MongoDB also has a flexible shell/driver. This allows you take some action based on a query or update documents. You can use an iterator on the cursor to go document by document. In the Javascript shell we can do this with Javascript's `forEach`. `forEach` is similar to Python's iteration with the `for` loop; however, Javascript actually has a more functional approach to this type of iteration and requires that you pass a callback, a function, similar to `map` and `reduce`.

```javascript
db.coffee.find().forEach(function(doc) {
    doc.entities.urls.forEach(function(url) {
        db.urls.update({ 'url': url }, { $push: { 'user': doc.user } },
                       true)
    });
});
```

## Aggregation

Aggregations in Mongo end up being way less pretty than in SQL/Pandas. Let's just bite the bullet and take a look:

```
db.coffee.aggregate( [ { $group :
    {
        _id: "$filter_level",
        count: { $sum: 1 }
    }
}])
```

Here we are first declaring that we're going to do some sort of grouping operation.
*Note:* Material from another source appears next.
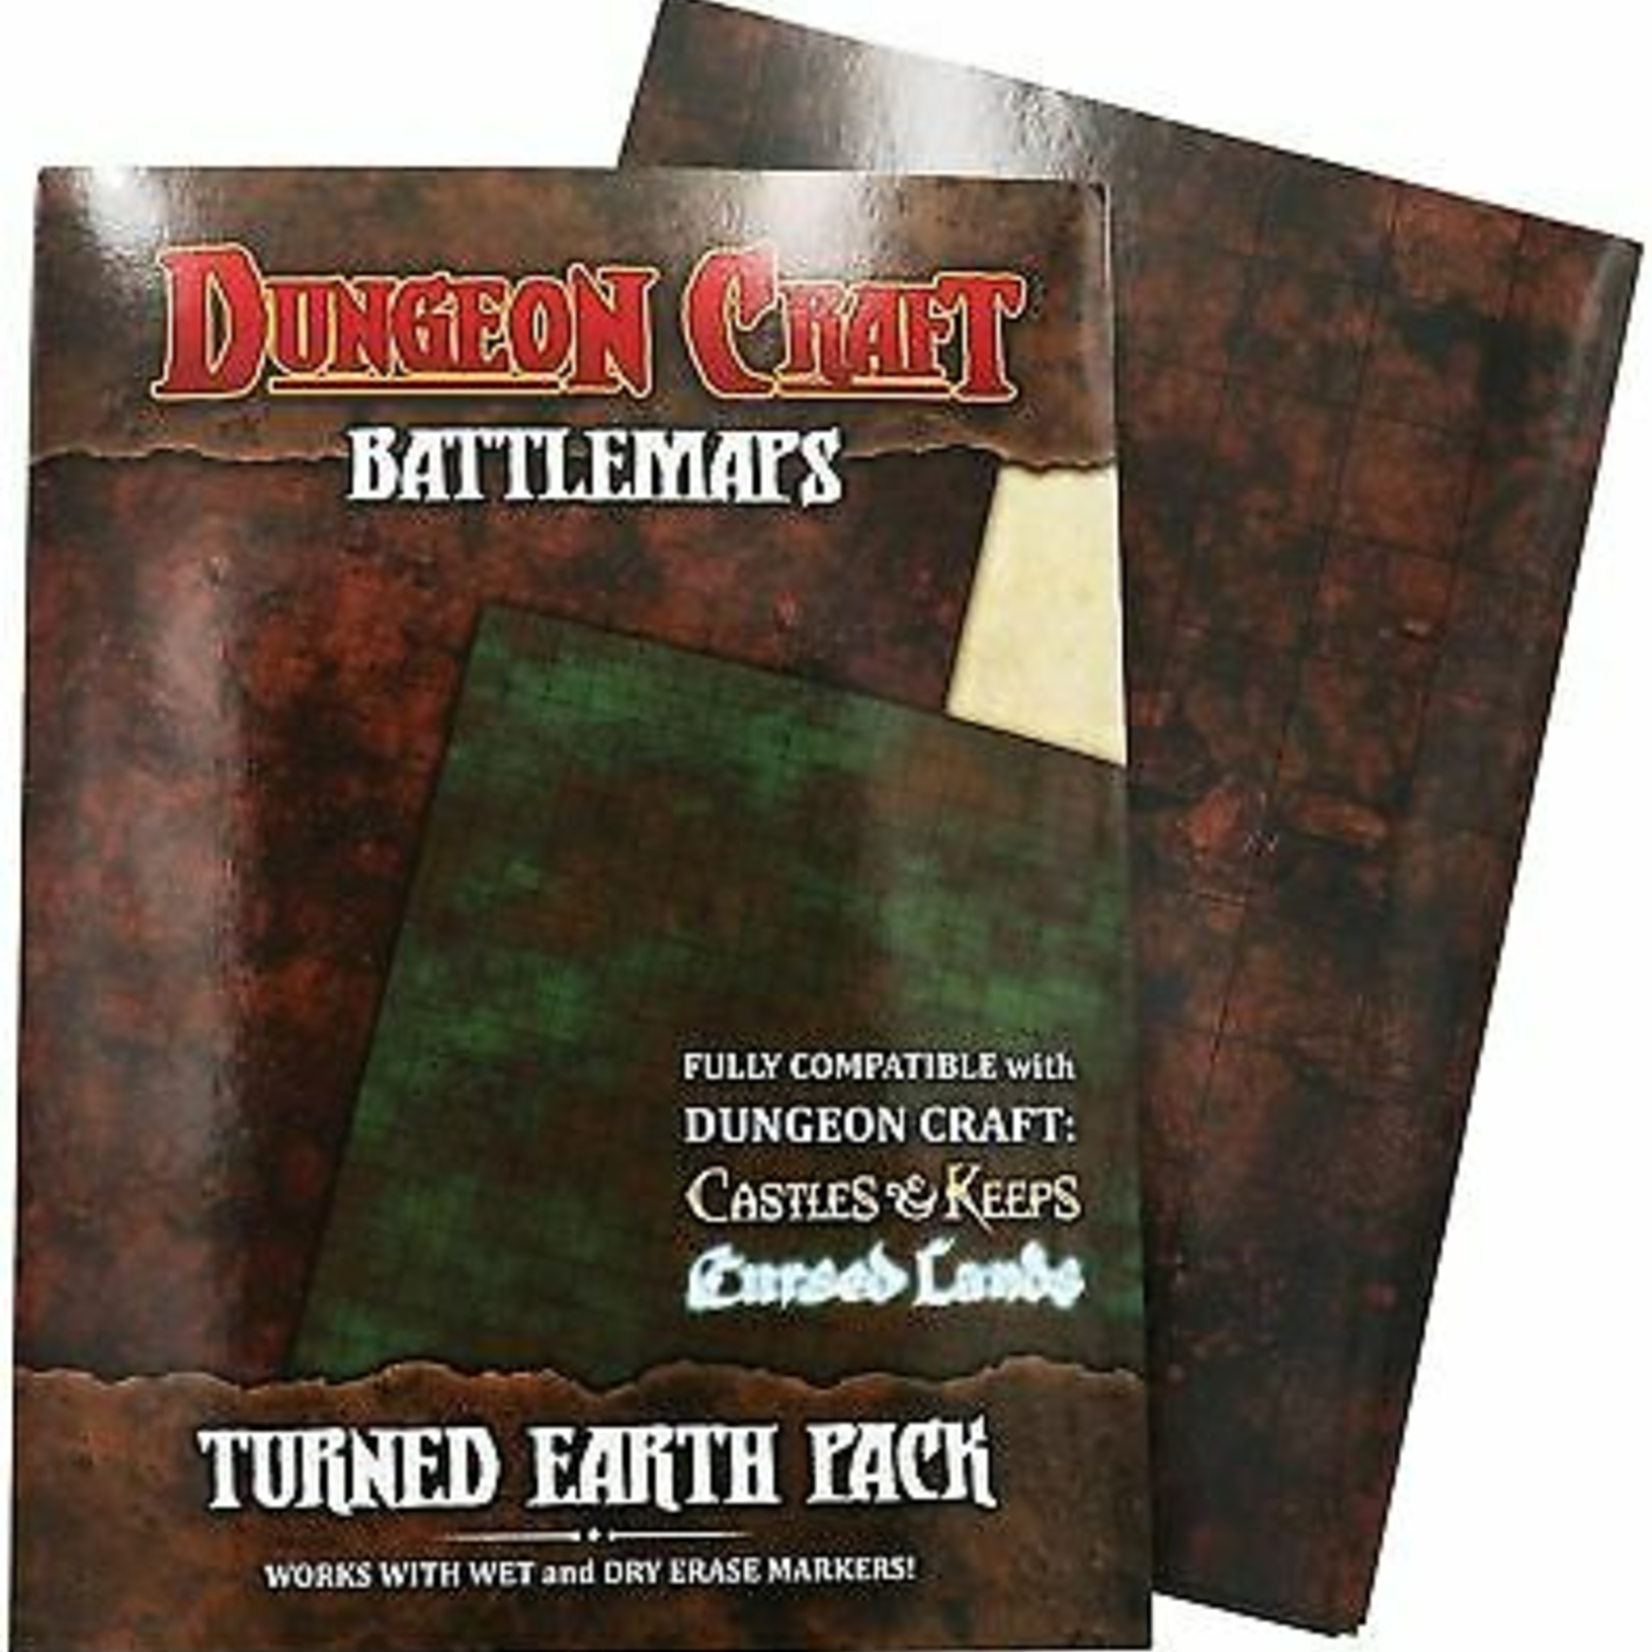 1985 Games Dungeon Craft Battle Maps Turned Earth Pack

Then, as Mongo desires everything to have an `_id` field, we specify that the `_id` is going to be the filter level. And then we're going to perform a sum over each level counting 1 for each observation. This information is going to be stored in a field called `count`. What do we get back?

## Aggregation Cont.

We can also do more complicated stuff as well. Here's a query that returns the average number of friends users in this dataset by country. We need to access the country code field of the place field, but that is easy with an object oriented language like JS.

```
db.coffee.aggregate( [ { $group :
    {
        _id: "$place.country_code",
        averageFriendCount: { $max: "$user.friends_count" }
    }
}])
```

For a guide on how to convert from an SQL style aggregation to a Mongo style aggreagetion, check out this [aggreagtion conversion guide](https://docs.mongodb.com/manual/reference/sql-aggregation-comparison).

# Objectives

1. Understand motivation for web scraping:
  * What does a web data pipeline look like?
  * How should we store data from the web?
2. Know high level differences between NoSQL and SQL.
3. Perform basic operations using Mongo Shell.